## TASK
Within the material below, transcribe exactly the lines from the one holding "How Data Can" through the one holding "I was lucky: I", keeping both ends and skipping the rest.

## MATERIAL SHOWN
================

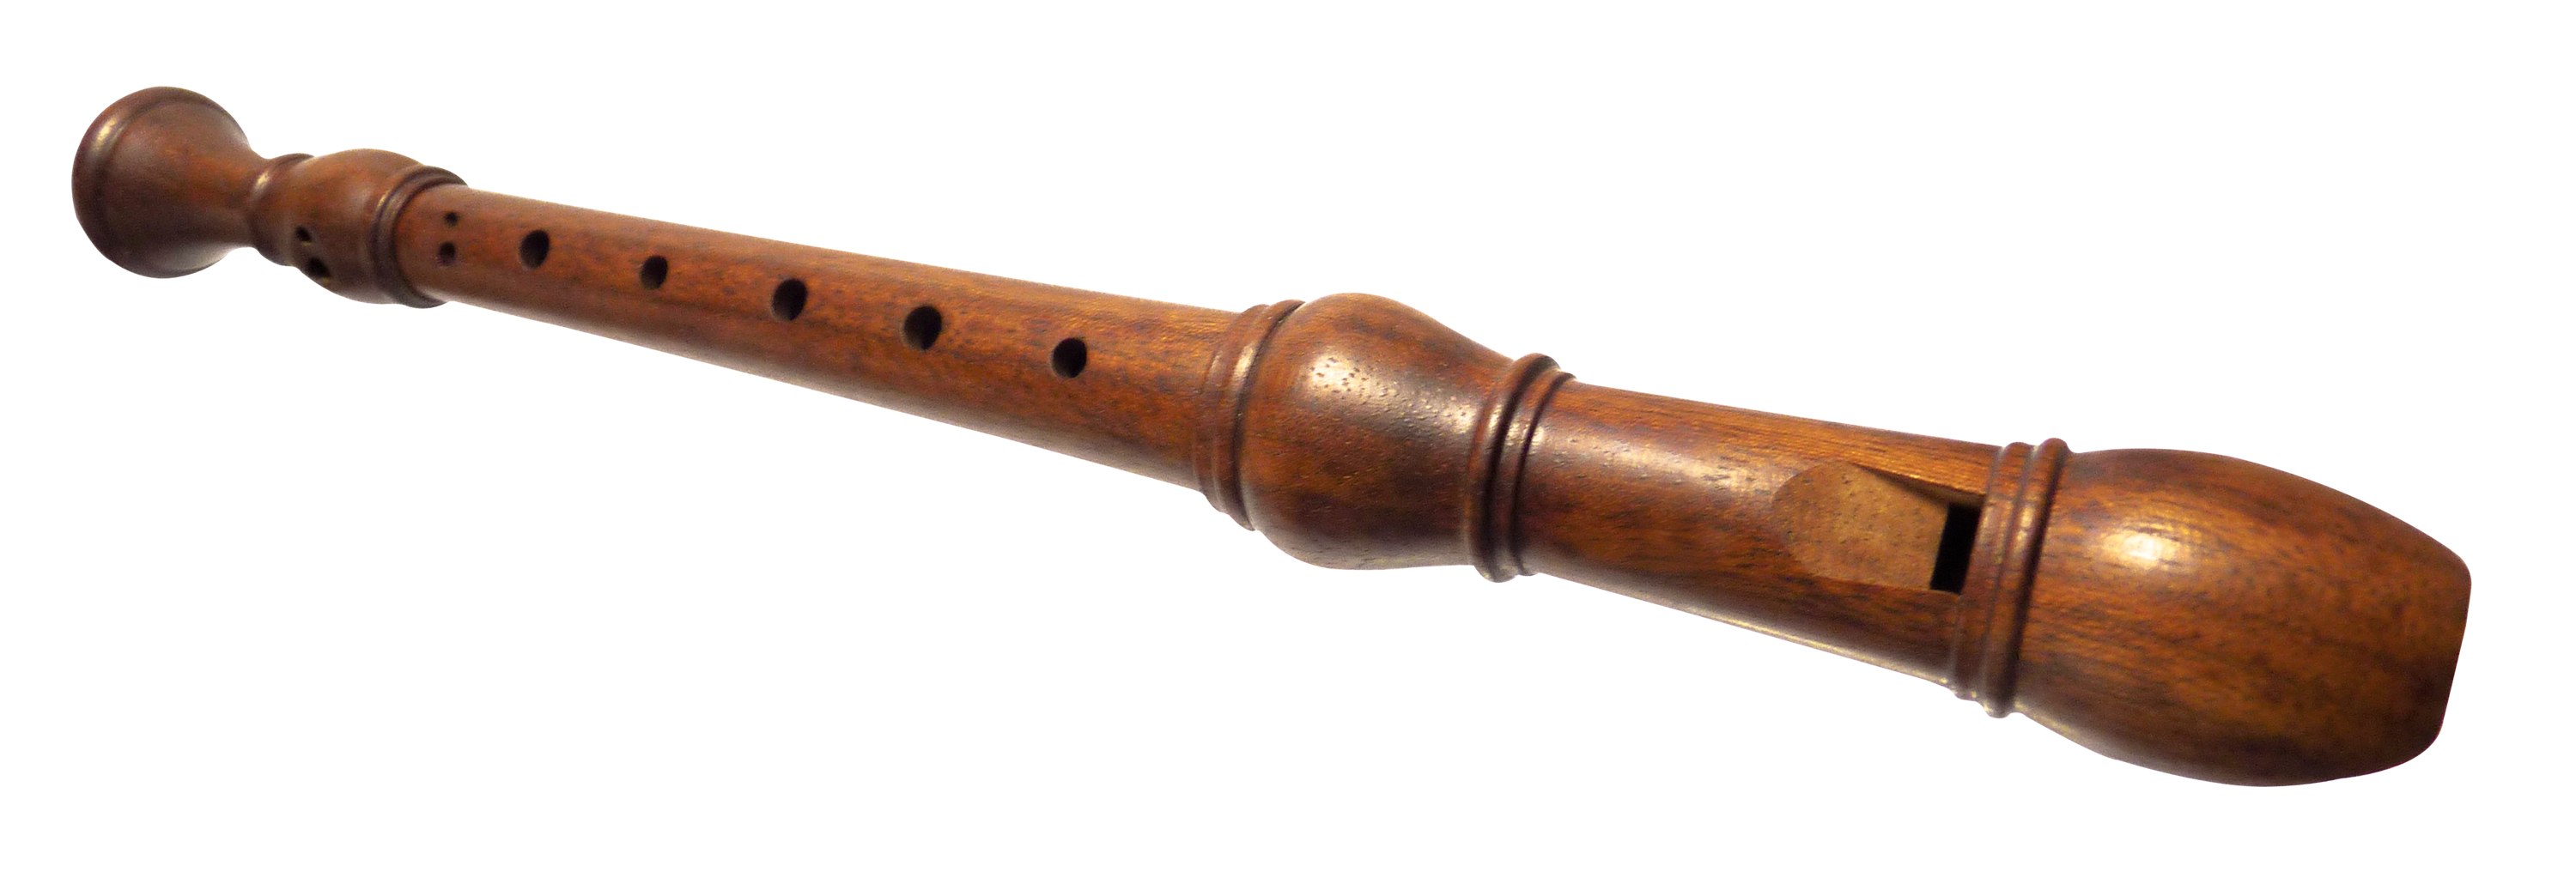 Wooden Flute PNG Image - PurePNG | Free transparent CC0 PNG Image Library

================

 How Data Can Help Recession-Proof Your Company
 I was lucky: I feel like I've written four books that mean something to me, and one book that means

================

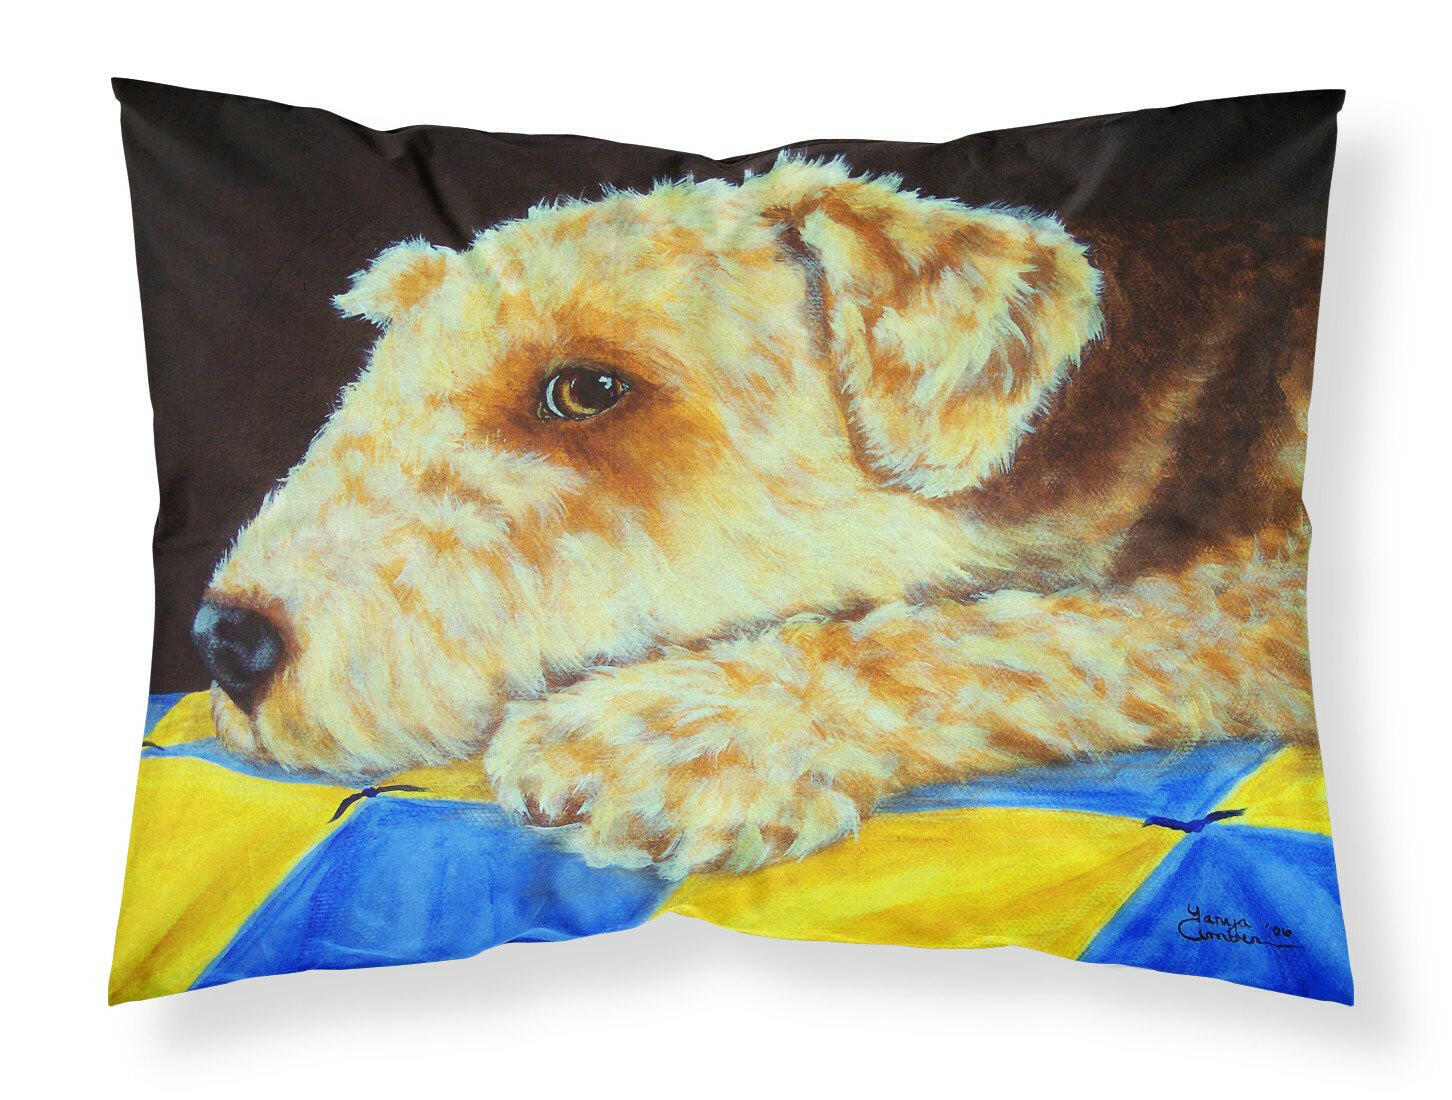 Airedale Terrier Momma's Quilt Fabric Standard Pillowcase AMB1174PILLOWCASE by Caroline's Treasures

================

## SOLUTION TO THE EXERCISE
 How Data Can Help Recession-Proof Your Company
 I was lucky: I feel like I've written four books that mean something to me, and one book that means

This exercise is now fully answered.